As tax reform legislation moves through Congress, a new economic impact study found that tax cuts could generate $131.7 billion in economic activity for hotels and related industries over the next 10 years.
On behalf of the American Hotel & Lodging Association (AHLA), Oxford Economics analyzed the impact of tax policy changes that would result in a tax cut of $1.5 trillion over 10 years, which they believe will cause real GDP growth to accelerate to 3.0% in 2018.
The results show that tax cuts will stimulate the economy and are expected to generate a boost to hotel industry operations, cause additional guest spending at restaurants and stores in the travel destination, and increase hotel capital investment—all benefitting the broader national economy.

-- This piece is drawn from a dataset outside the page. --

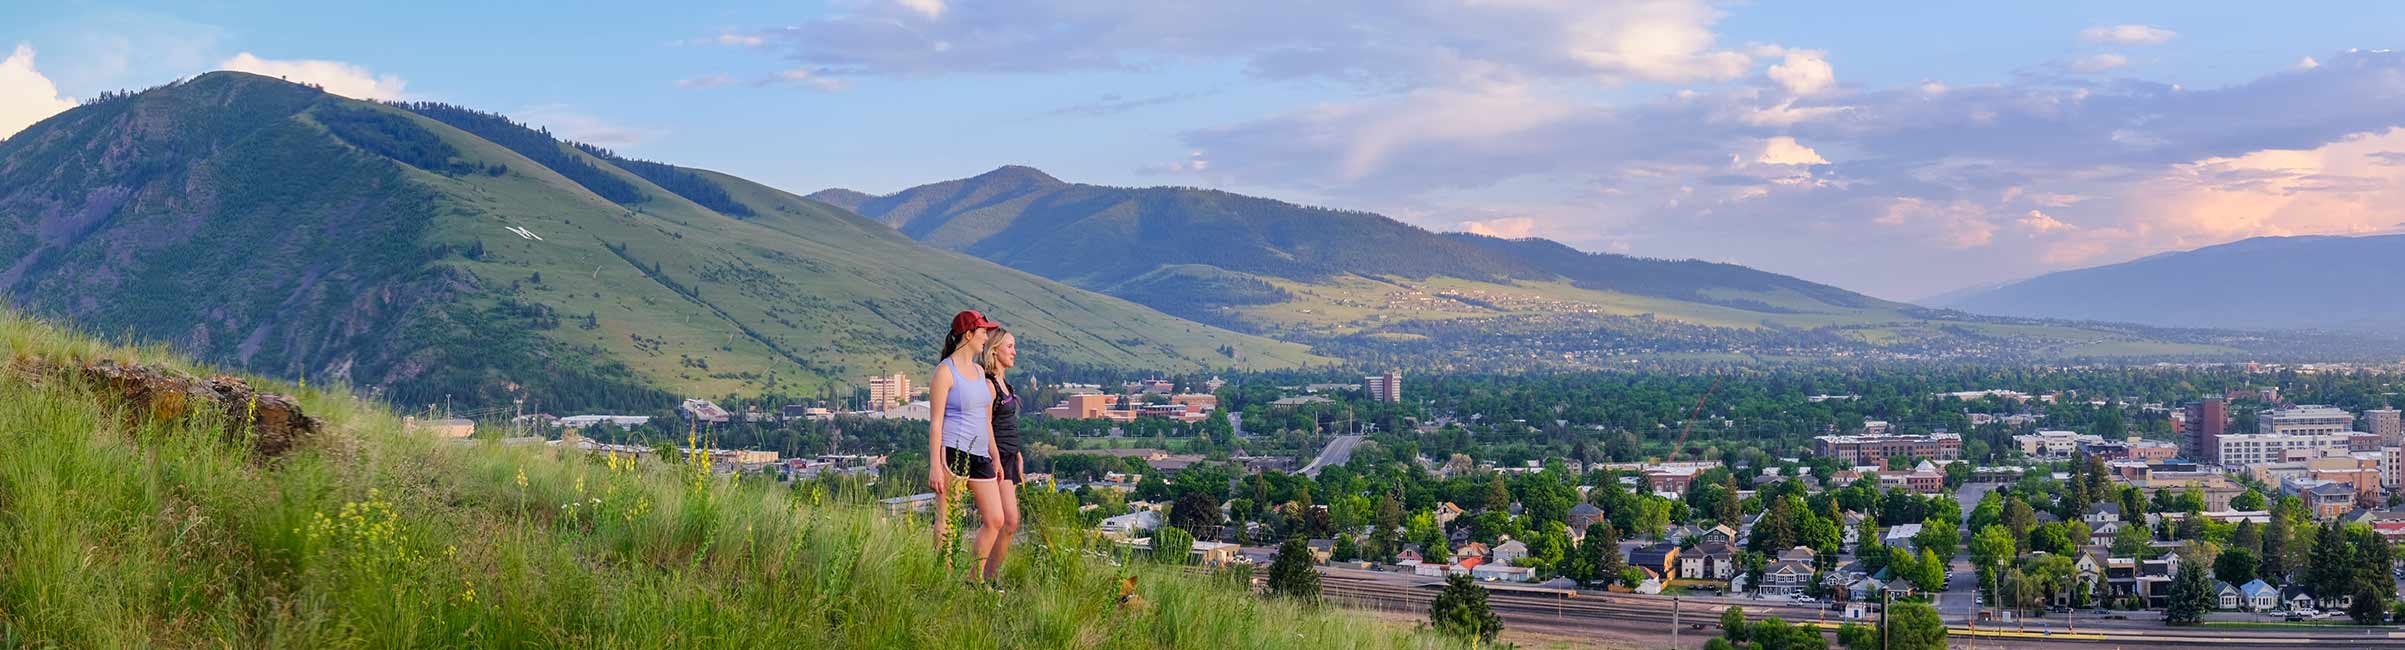 Planning Your Girls Weekend in Missoula

“With tax reform moving through Congress and becoming closer to a reality, we are pleased to see the potential for significant financial benefits to the industry, and the U.S. economy,” said Katherine Lugar, president and CEO of AHLA. “From hotel operations, to our industry’s employees, to consumers enjoying their favorite travel destinations, tax reform enables further opportunity for financial growth and prosperity.”
Under this tax cut scenario, consumer and business travel are both expected to increase. Direct hotel guest spending, both onsite and through ancillary spending such as local restaurants, stores, and attractions, would be $57 billion higher over the next five years.
To meet this increased demand, businesses would hire new employees and add more shifts for existing ones, and increase their capital investment. This would generate $22.3 billion in additional wages and salaries for U.S. workers—equivalent to the annual compensation of 94,700 employees for five years. It would also increase state and local tax revenues by $3.9 billion. The total economic impact of this tax scenario is projected to be $131.7 billion.
Lugar praised Congress for its commitment to reforming U.S. tax policy and creating a pro-growth tax environment that will benefit the hotel and lodging industry, its employees, and American consumers.
“It’s particularly critical as three out of every five hotels in industry are made up of small businesses, many independently or family owned. Tax reform will go a long way in benefiting these individuals, as well as their employees and guests,” said Lugar.
“We are pleased Congress has taken the next step toward enacting smart and effective tax reform that will allow businesses, families, and individuals to succeed. AHLA advocates for policies that enable hotels to operate on a level playing field and that empower business growth, competitiveness and entrepreneurism. We look forward to working with Congress and the Administration before the proposal becomes law to ensure that the final details support continued growth for our industry and the broader economy.”